Abdel Salam said: “The occupation does not differentiate between those who throw stones and civilians like me who live in their homes.”
His brother said that friendly workplace interactions with Israeli civilians had no effect on the behavior of soldiers: they treated Palestinians “with violence and brutality.”
“The punishment for the Palestinians is collective punishment.”
“This time is different”
The shocking attack on October 7 turned Homer's understanding of his world upside down.
Before that, it was believed that Palestinian militants attacked Jewish Israelis “because they do not have a state, and we are occupying their lands,” he said. “Now, I know that all of this is not true – the only reason is hatred of Jews.”
Abdel Salam, stuck at home, now spends his days watching the news from Gaza with his brothers, horrified by Israel's Western-backed bombing campaign and its impact on women and children.
Civilians in Efrat and nearby settlements, newly suspicious of their Palestinian neighbors, are arming themselves and conducting night patrols.
The brothers say that the soldiers at the checkpoints outside Al-Arroub are more aggressive than usual.
Hominer says he no longer knows how to interact with Muhammad — or whether their relationship can regain its easy rhythm. He was hurt when Mohammed did not call to check on him and his family after October 7. His in-laws are in the army.
“I really don't know what to do,” he said, staring into the sink's doorway. “I need him, I love him, I’ve been working with him for 20 years.”
“We all love him!” replied a woman with a British accent who had come to collect her dry laundry.
“I really care about him,” Hominer said. “But on the other hand, I don’t know that he cares about me as much.”
Transporting the shirts to Moroccan's house every day kept the relationship going on some level. Hominer says he gets some help with the business, and Abdel Salam can still make some money, although it's a fraction of what he earned before.
From the brothers' point of view, a Hamas attack was inevitable. Mohammed described it as a response to the tightening Israeli occupation, escalating settler violence and challenges by far-right Jewish activists to the delicate status quo at Jerusalem's Al-Aqsa Mosque, a site of deep religious significance for Jews, Muslims and Christians.

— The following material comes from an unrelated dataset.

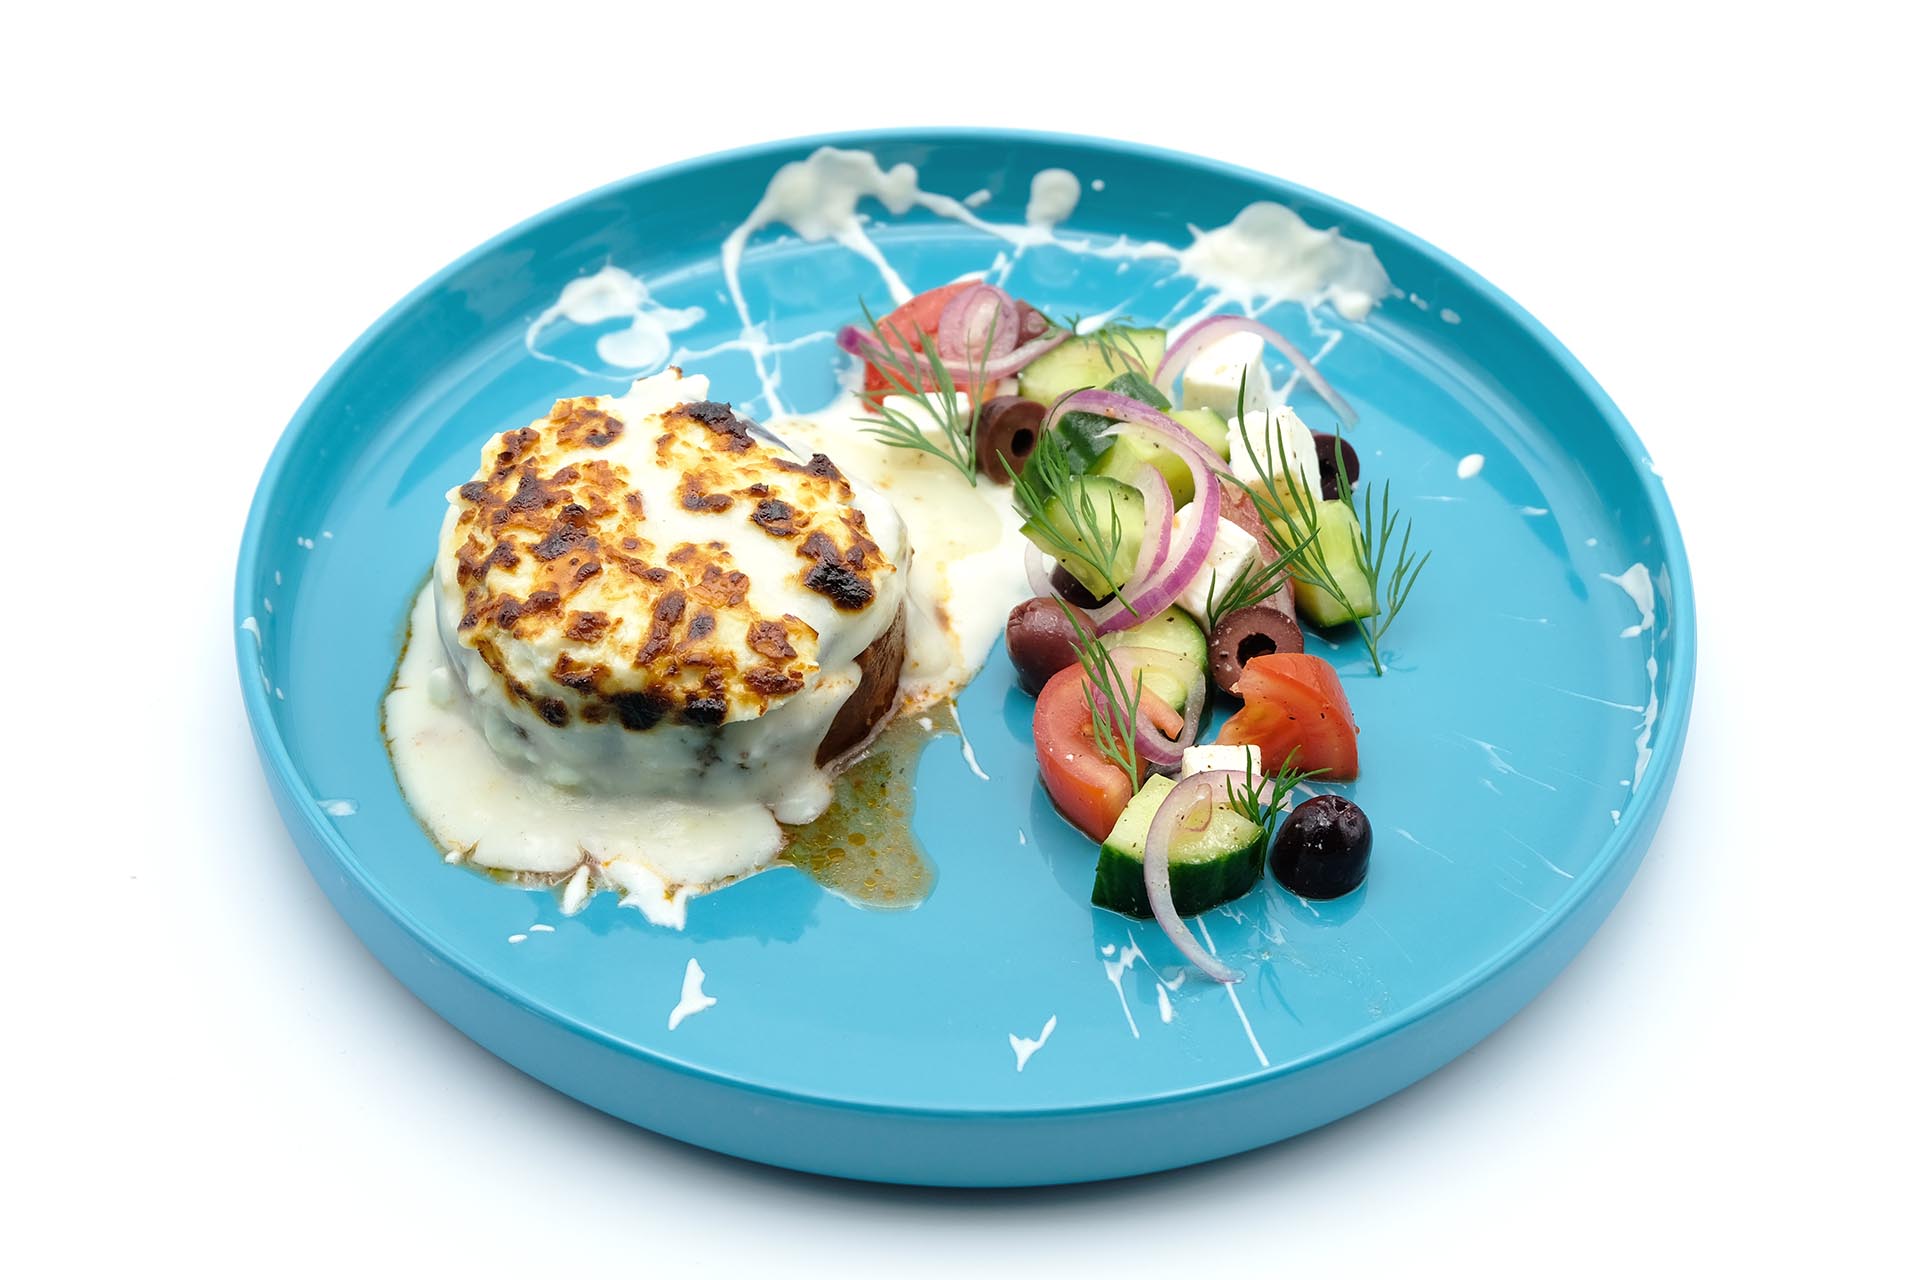 Rezept für Moussaka und griechischer Salat Popdish Foodblog, Gerichte, die knallen,

“All this accumulated pressure led to the explosion in Gaza,” he said.
He insists that the family has nothing against Jews. He added: “At the end of the day, we want to live in peace.”
Abdel Salam's brief interactions with Huminer leave little time or space to talk about October 7 or the war in Gaza. “It's better not to talk about it,” he said.
He was distressed because the new restrictions prevented him from visiting Homener after his wife died in October. “If the situation was normal, I would have gone to pay my respects,” he said.
Muhammad fears that “the relationship will disintegrate.”
Abdel Salam, who is more optimistic, noted that his long friendship with Huminer could return to normal, “but it will take some time.”
But his brother disagreed, saying: “It's different this time.”
Sufyan Taha contributed to this report.